Organic fluorophores displaying variable solid-state fluorescence emission have attracted widespread attention. They have significant applications in the fields of chemical sensors,^1,2 light-emitting diodes,³ lasers,⁴ photovoltaic devices,⁵ mechanical sensors^6,7etc. Switchable fluorescence can be achieved using a crystal engineering approach^8–10 by preparing cocrystals,¹¹ salts, solvates, and amorphous formulations¹² as well as polymorphic phases.^13–18 Among these, mechanofluorochromic as well as polymorphic materials are of utmost importance and have broader application in the design of fluorescence-based sensors.^19–24 Polymorphism is the ability of a solid material to exist in more than one crystalline form.

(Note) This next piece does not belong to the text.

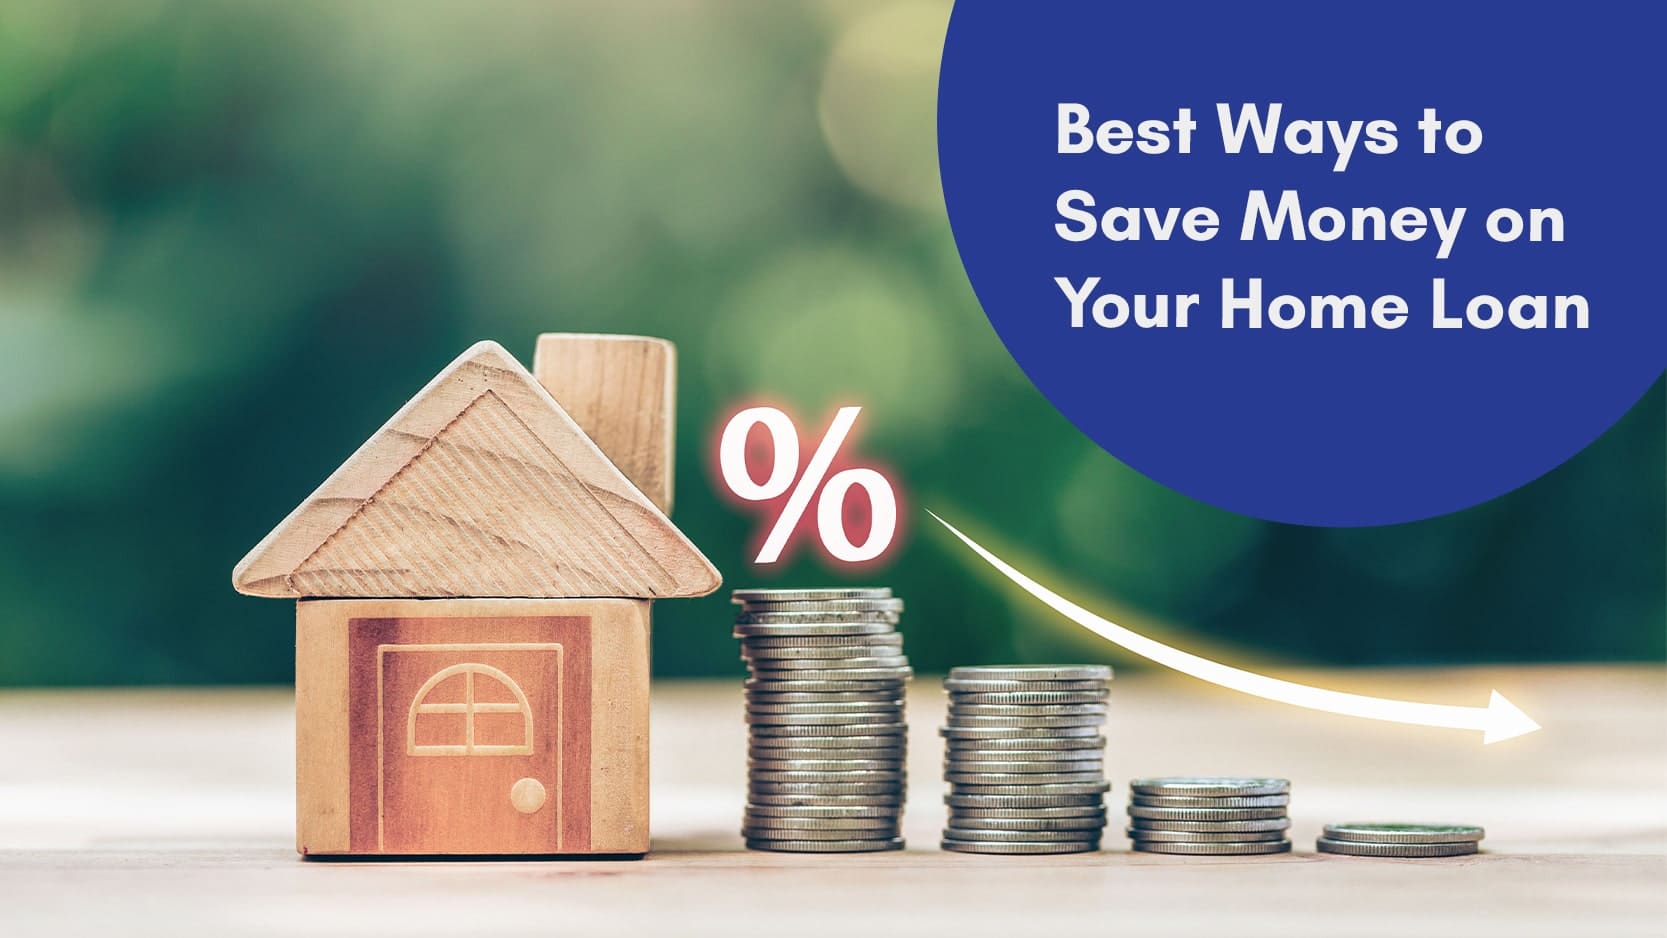 Best Ways to Save Money on Your Home Loan

Due to differences in packing arrangement, polymorphic materials show variable physicochemical properties which are of significant importance in designing functional materials, pharmaceutical solids, explosives, dyes, and pigments.^25–27 Some of the polymorphic organic fluorophores studied in the recent literature include substituted benzothiazole-fluorene based materials,²⁸ triphenylphosphonium fluorenylide,^29,30 1-acetylpyrene,³¹N,N-dimethylanilino naphthalimide,¹⁷etc. which show outstanding photo-physical behaviour. Apart from the listed molecules, several polymorphic organic fluorophores have been synthesized by various research groups in the recent past, with distinct properties.^32–39 In a recent highlight, Ito⁴⁰ summarizes various luminescent organic polymorphs with mechanoresponsive properties along with pseudopolymorphs and cocrystal polymorphs.

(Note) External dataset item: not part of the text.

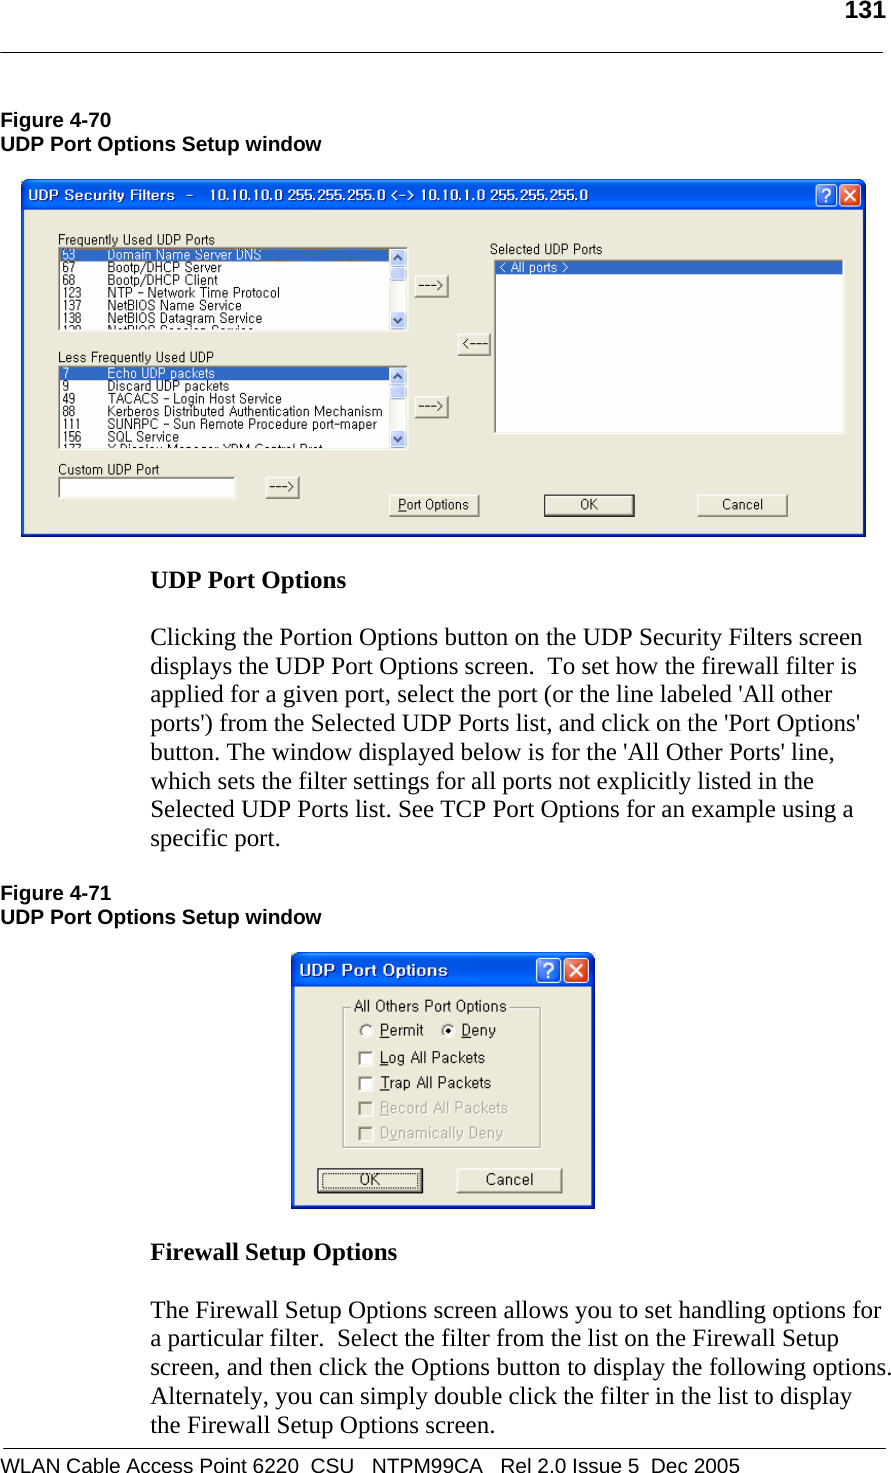   131  WLAN Cable Access Point 6220  CSU   NTPM99CA   Rel 2.0 Issue 5  Dec 2005 Figure 4-70 UDP Port Options Setup window    UDP Port Options   Clicking the Portion Options button on the UDP Security Filters screen displays the UDP Port Options screen.  To set how the firewall filter is applied for a given port, select the port (or the line labeled &apos;All other ports&apos;) from the Selected UDP Ports list, and click on the &apos;Port Options&apos; button. The window displayed below is for the &apos;All Other Ports&apos; line, which sets the filter settings for all ports not explicitly listed in the Selected UDP Ports list. See TCP Port Options for an example using a specific port.  Figure 4-71 UDP Port Options Setup window    Firewall Setup Options   The Firewall Setup Options screen allows you to set handling options for a particular filter.  Select the filter from the list on the Firewall Setup screen, and then click the Options button to display the following options. Alternately, you can simply double click the filter in the list to display the Firewall Setup Options screen.

Most of the reported organic fluorophores display high emission in the solution phase whereas they become non-emissive in the solid state due to aggregation-caused quenching (ACQ).^41,42 In 2001, an opposite behaviour to that of ACQ was discovered, known as aggregation-induced emission (AIE).⁴³ This class of organic molecules shows low emission in the solution phase but high emission in the solid state (crystal/powder/film/aggregation in solution and in the matrix).^44,45 Several mechanisms have been proposed to explain this phenomenon including restricted intramolecular rotation (RIR),⁴⁶ the formation of J-type aggregates,⁴⁷ and twisted intramolecular charge transfer (TICT).⁴⁴ AIE based fluorophores possess a non-planar twisted geometry with rotator and stator building blocks that induce steric hindrance resulting in RIR.^45,48 Tetraphenylethylene, silole, and distyrylanthracene derivatives are a few of them.^44,49–51 The factors affecting the optical performance of organic fluorophores include differences in crystal packing, molecular conformations, and intermolecular interactions.^52,53 Subtle modifications in intermolecular interactions such as hydrogen bonding, halogen bonding, π⋯π interactions, and C–H⋯π interactions produce a different molecular arrangement and a drastic change in their optoelectronic properties. In a recent report, Sarma et al.⁵⁴ synthesized a few biphenyl based donor–π–acceptor organic fluorophores that showed AIE along with mechanofluorochromism. As an extension to that, a dimorphic biphenyl based Michael addition product was synthesized. Despite the absence of π-conjugation, bulky dimedone groups induce a twisted conformation of the synthesized compound, resulting in AIE features.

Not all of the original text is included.